The Clockwork Testament
- Author: Anthony Burgess
- Original title: The Clockwork Testament; or, Enderby's End
- Language: English
- Series: Enderby tetralogy
- Genre: Mock epic; satire
- Publisher: Hart-Davis, MacGibbon
- Publication date: 1974
- Publication place: United Kingdom
- Media type: Print
- Preceded by: Enderby Outside
- Followed by: Enderby's Dark Lady

= The Clockwork Testament, or Enderby's End =

Novella by Anthony Burgess

The Clockwork Testament is a novella by the British author Anthony Burgess. It is the third of Burgess' four Enderby novels and was first published in 1974 by Hart-Davis, MacGibbon Publishers. It is usually subtitled Enderby's End, as it was originally intended to be the last book in the Enderby series. However, a further sequel, Enderby's Dark Lady, followed in 1984.

==Plot summary==
Enderby is a dyspeptic British poet, 56 years old, and The Clockwork Testament is an account of his last day alive. The day in question is a cold one in February. He spends it in New York City, where for the past several months he's been working as a visiting professor of English literature and composing a long poem about St Augustine and Pelagius.

Enderby's present situation arose from a chance encounter with an American film producer in Tangiers, where he owns a bar. Publican Enderby served the man a Scotch and pitched him an idea for a new film—an adaptation of Gerard Manley Hopkins's poetic masterpiece "The Wreck of the Deutschland". The producer, intrigued, asked for a script, which Enderby duly composed. The eventual film bears little resemblance to this script or to Hopkins's poem; however, his name is prominently credited, and the film, and Enderby, are now famous.

This unwanted public recognition has led to an invitation to teach English at the University of Manhattan for a year. Also, since the film has controversial elements—including, for some reason, a lurid rape scene with Nazis and nuns—the reclusive, little-read poet has been receiving a barrage of ranting phone calls from angry citizens who are eager to denounce "his" film. Invariably, these callers (and other critics) have never read the original poem; indeed, they don't even know it exists.

Enderby suffers three heart attacks over the course of the day, and succumbs to a fourth some time after midnight. Between attacks, he goes about his business: he happily works on his Pelagian poem; eats dyspeptic American food and smokes White Owl cigars; refuses an offer of sex from a female poetry student who wants him to give her an A; struggles through two lectures; appears on a smarmy talk show; and draws a sword he carries hidden in his cane to defend a middle-aged housewife from a gang of thugs on the subway.

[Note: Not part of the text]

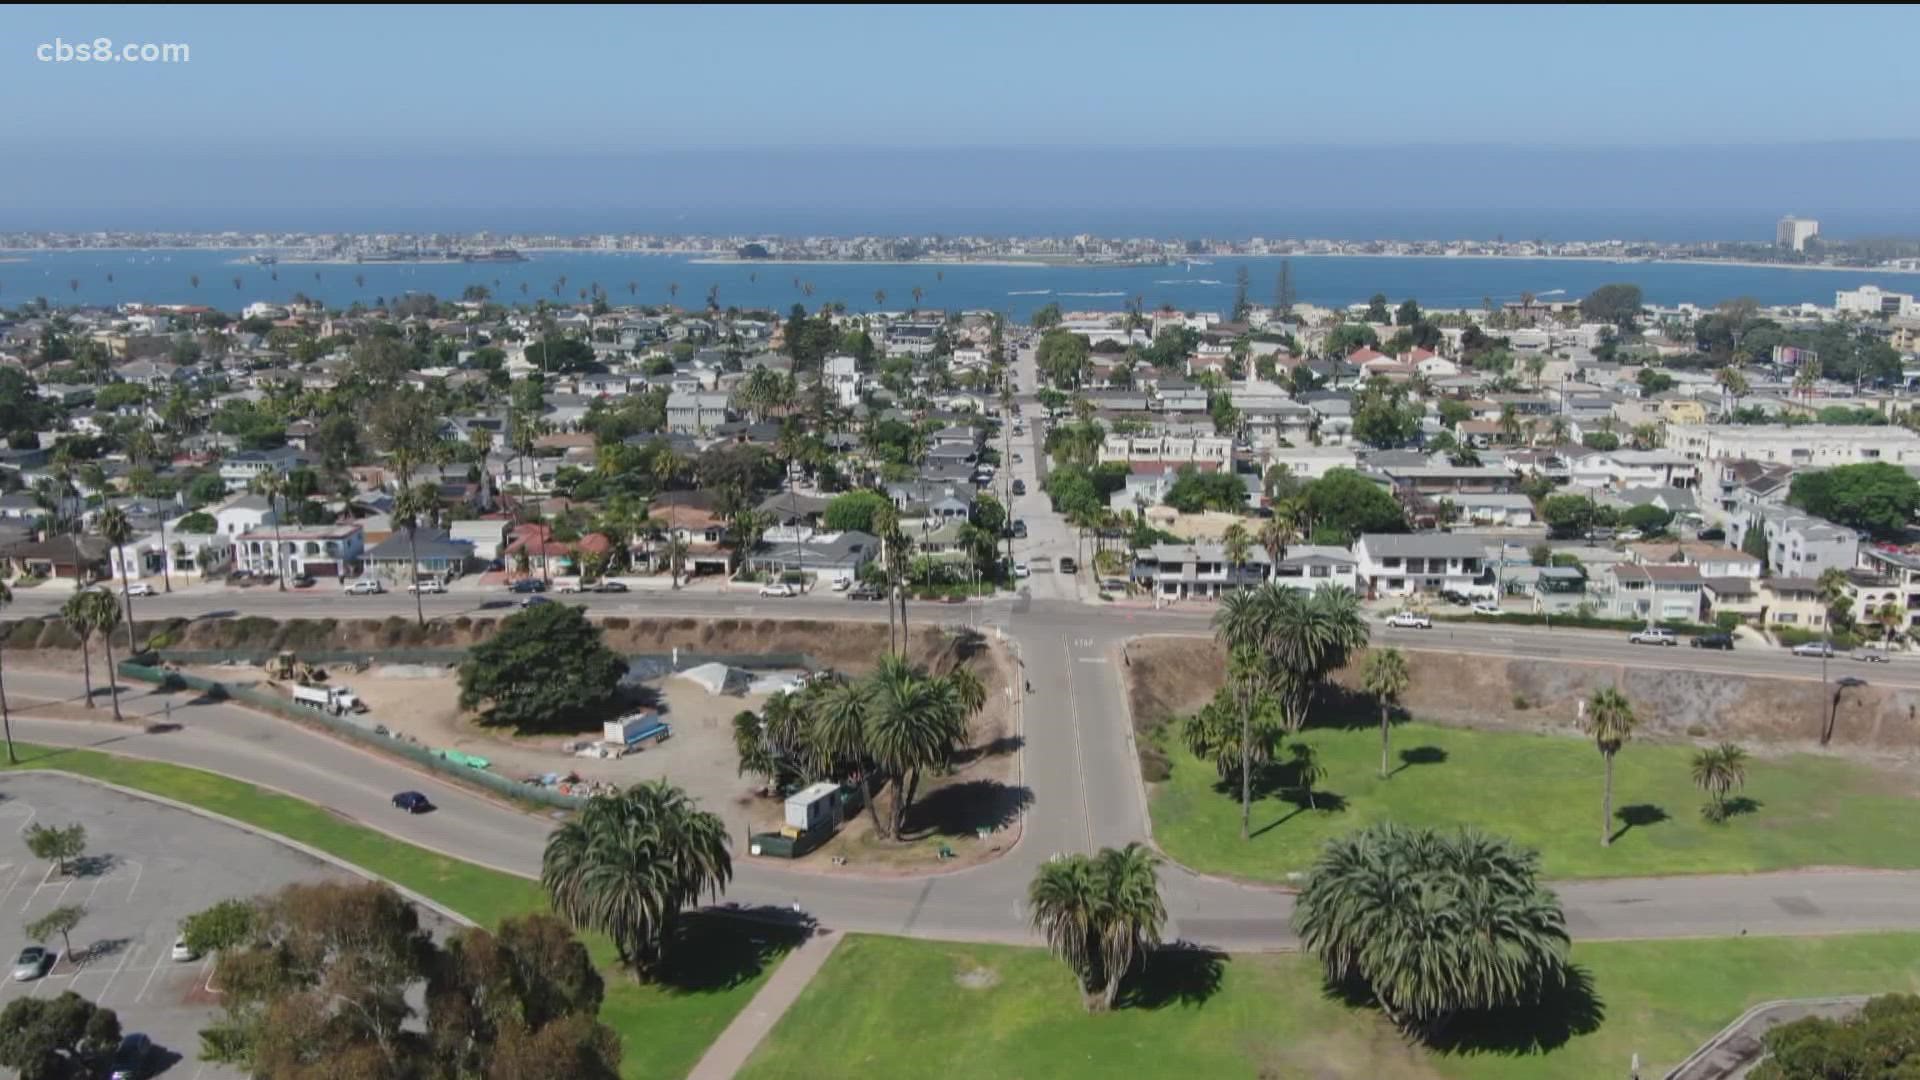 As San Diegans continue to feel the strains of expensive housing, a new study confirms that rent prices across the county have dramatically increased.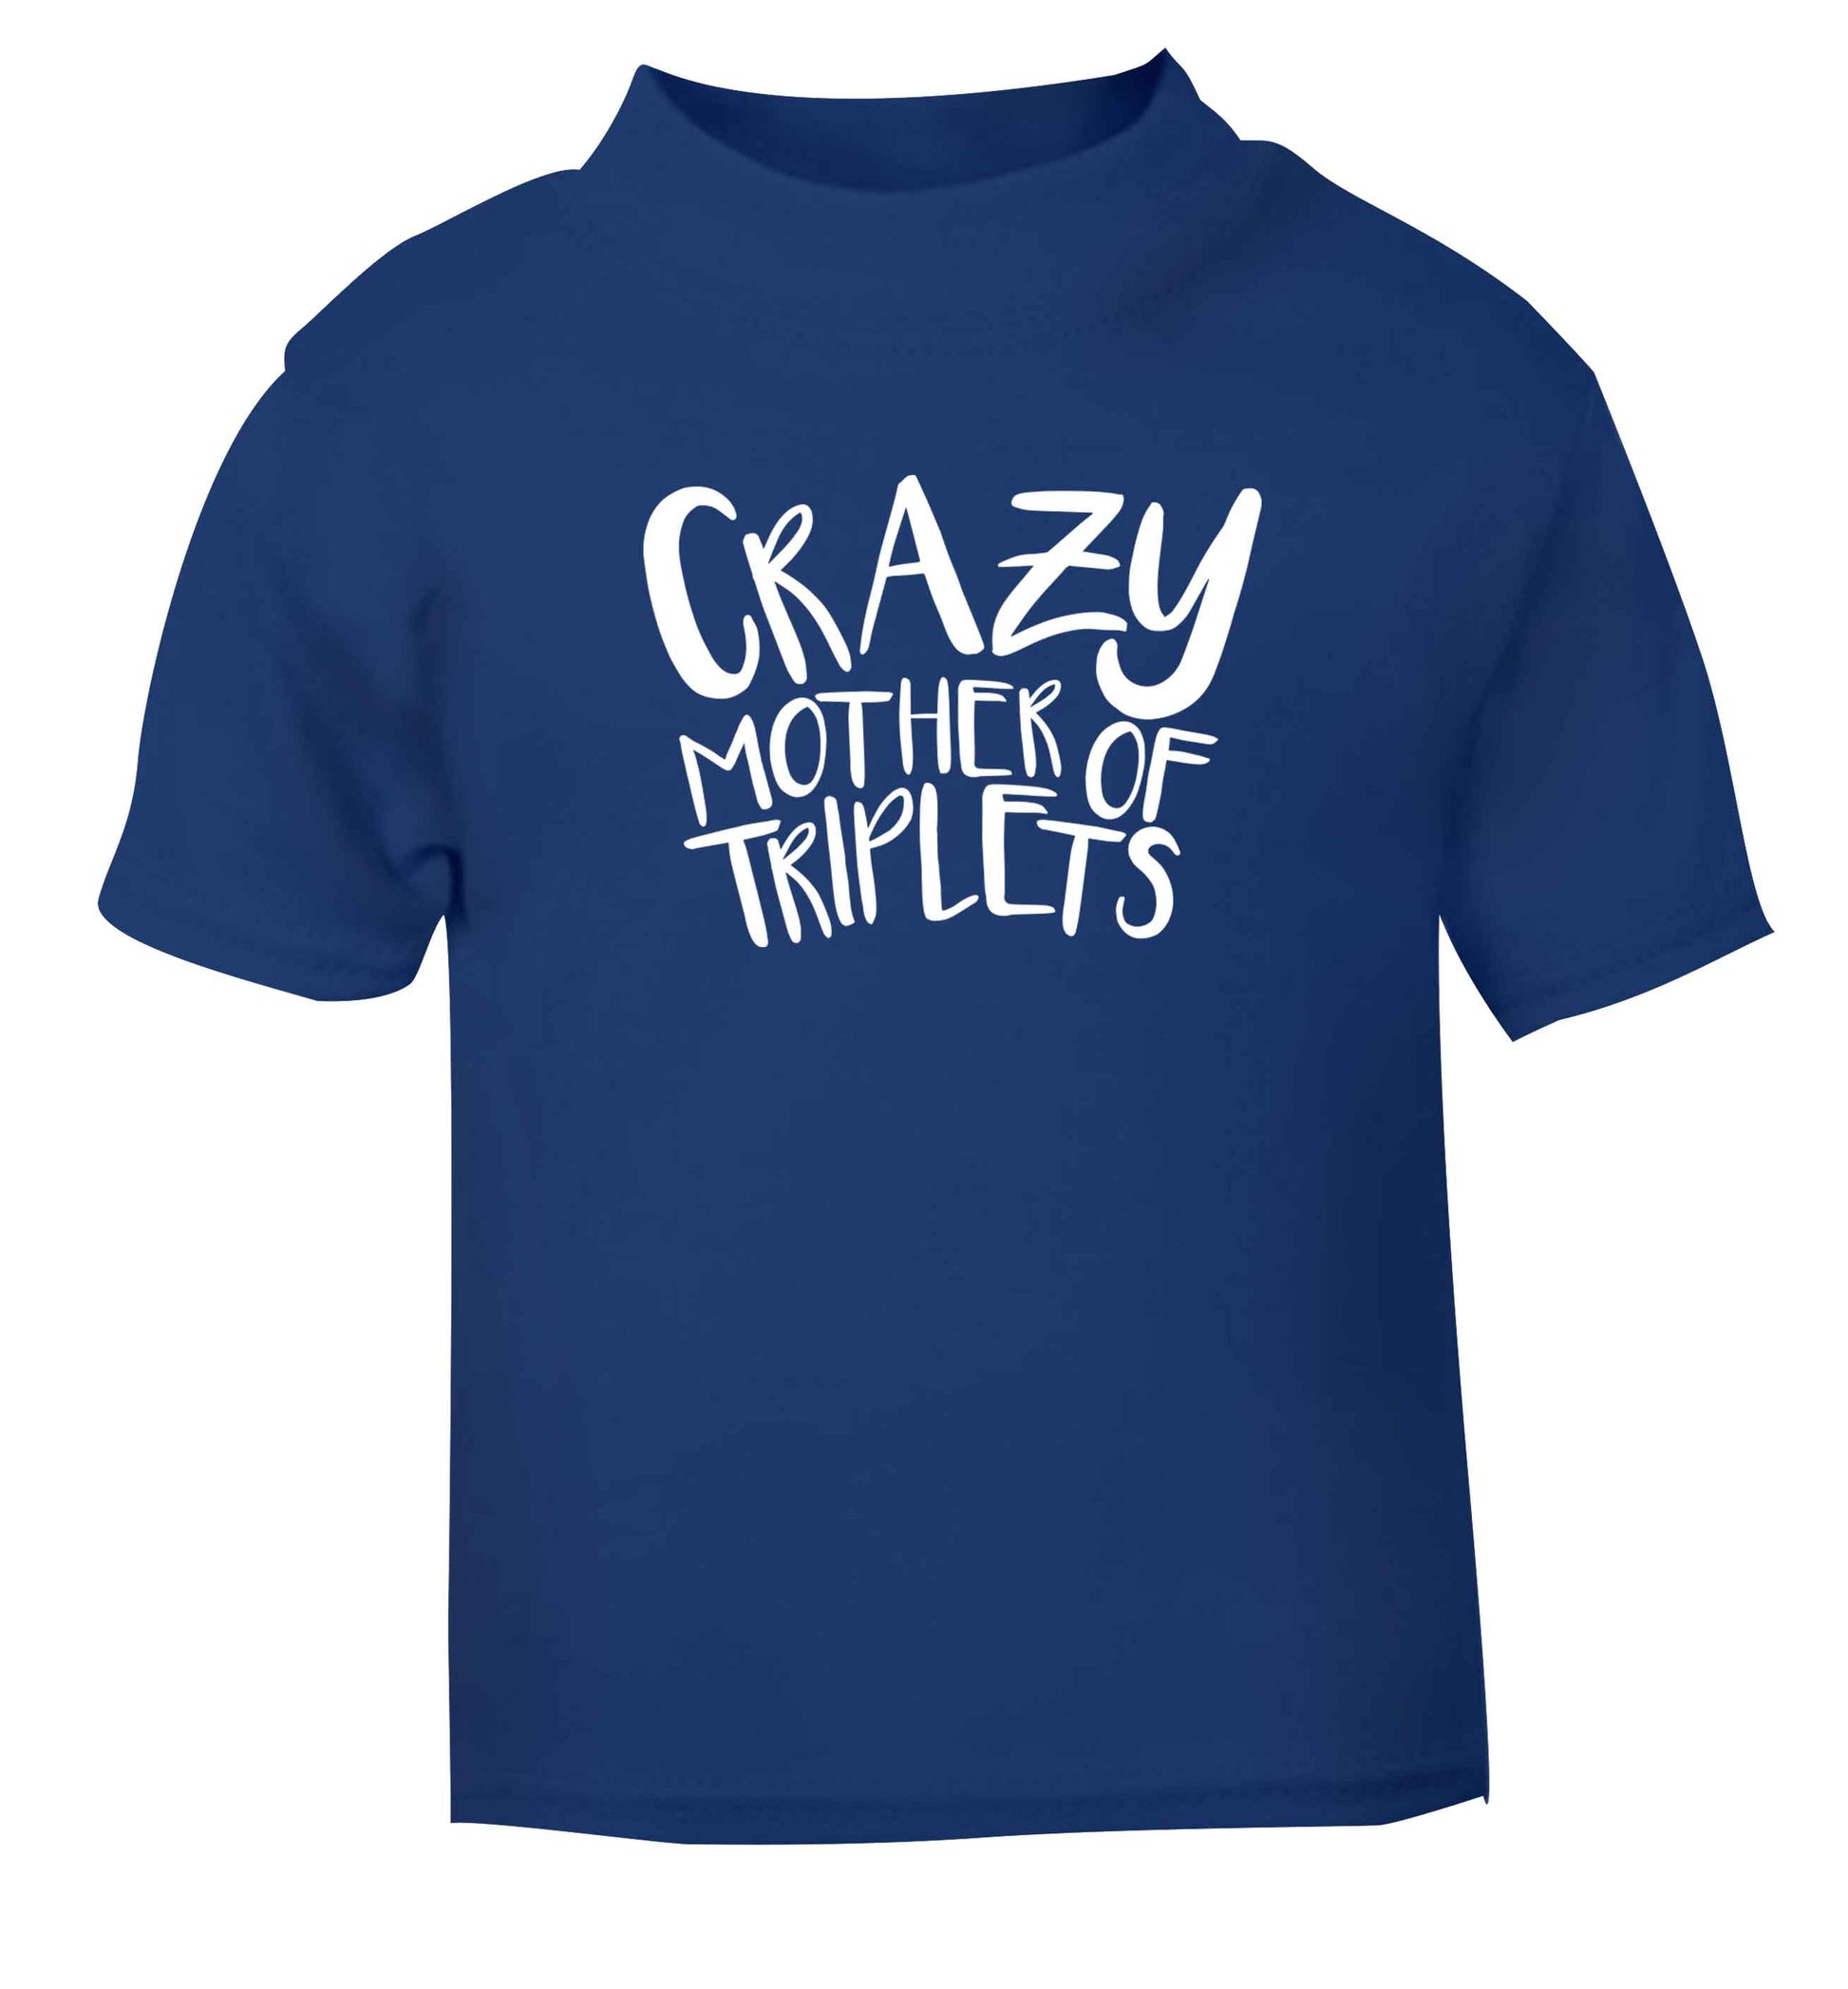 Crazy mother of triplets blue baby toddler Tshirt 2 Years

Everywhere—even on the subway—he encounters incomprehension and, usually, disapproval. When he finally gets home, however, a woman he's never seen before drops by and pulls a gun on him; she has come to tell him she's read and re-read all his poetry, and is now going to murder him for writing it. First, however, she orders him to strip naked and urinate all over his collected works. Enderby strips, but since he has an erection he cannot obey the rest of her command. The scene ends, apparently, in a sexual encounter. Enderby dies later that night.

==Themes==

A Clockwork Testament is laced with Burgess's usual mordant wit, deft literary allusions, and virtuosic wordplay. The world of the book takes its hue from Enderby's brilliant but ever-irritable outsider's psyche. In some ways, the novel echoes Joyce's Ulysses; it covers one day only, casts an unheroic man in the role of hero, and explores that man's physical and mental processes in intimate detail. In place of The Odyssey, Burgess incorporates extended references to St Augustine and Pelagius, and also to Gerard Manley Hopkins, author of a phrase Enderby makes peculiarly his own: "I am gall, I am heartburn."

The book blends social satire with self-mockery. In a classroom scene, for example, Enderby is unable to remember his planned lecture on minor Elizabethan dramatists and so on the spur of the moment invents a playwright called 'Gervase Whitelady'. He discourses learnedly on this personage for some time, helped on by a student who begins as a know-it-all but ends as a collaborator, earnestly prompting him with the details of Whitelady's life. Enderby abruptly concludes the lecture by dismissing his imaginary playwright as a failure— at which point he recognises his creation as a mirror image of himself. Later, at his poetry-writing class, Enderby finds little to admire in his students' undisciplined effusions and tries to impress on them that poetry arises from craftsmanlike effort, not emotional self-indulgence. The students, however, just look at him pityingly and ask him when he plans to leave.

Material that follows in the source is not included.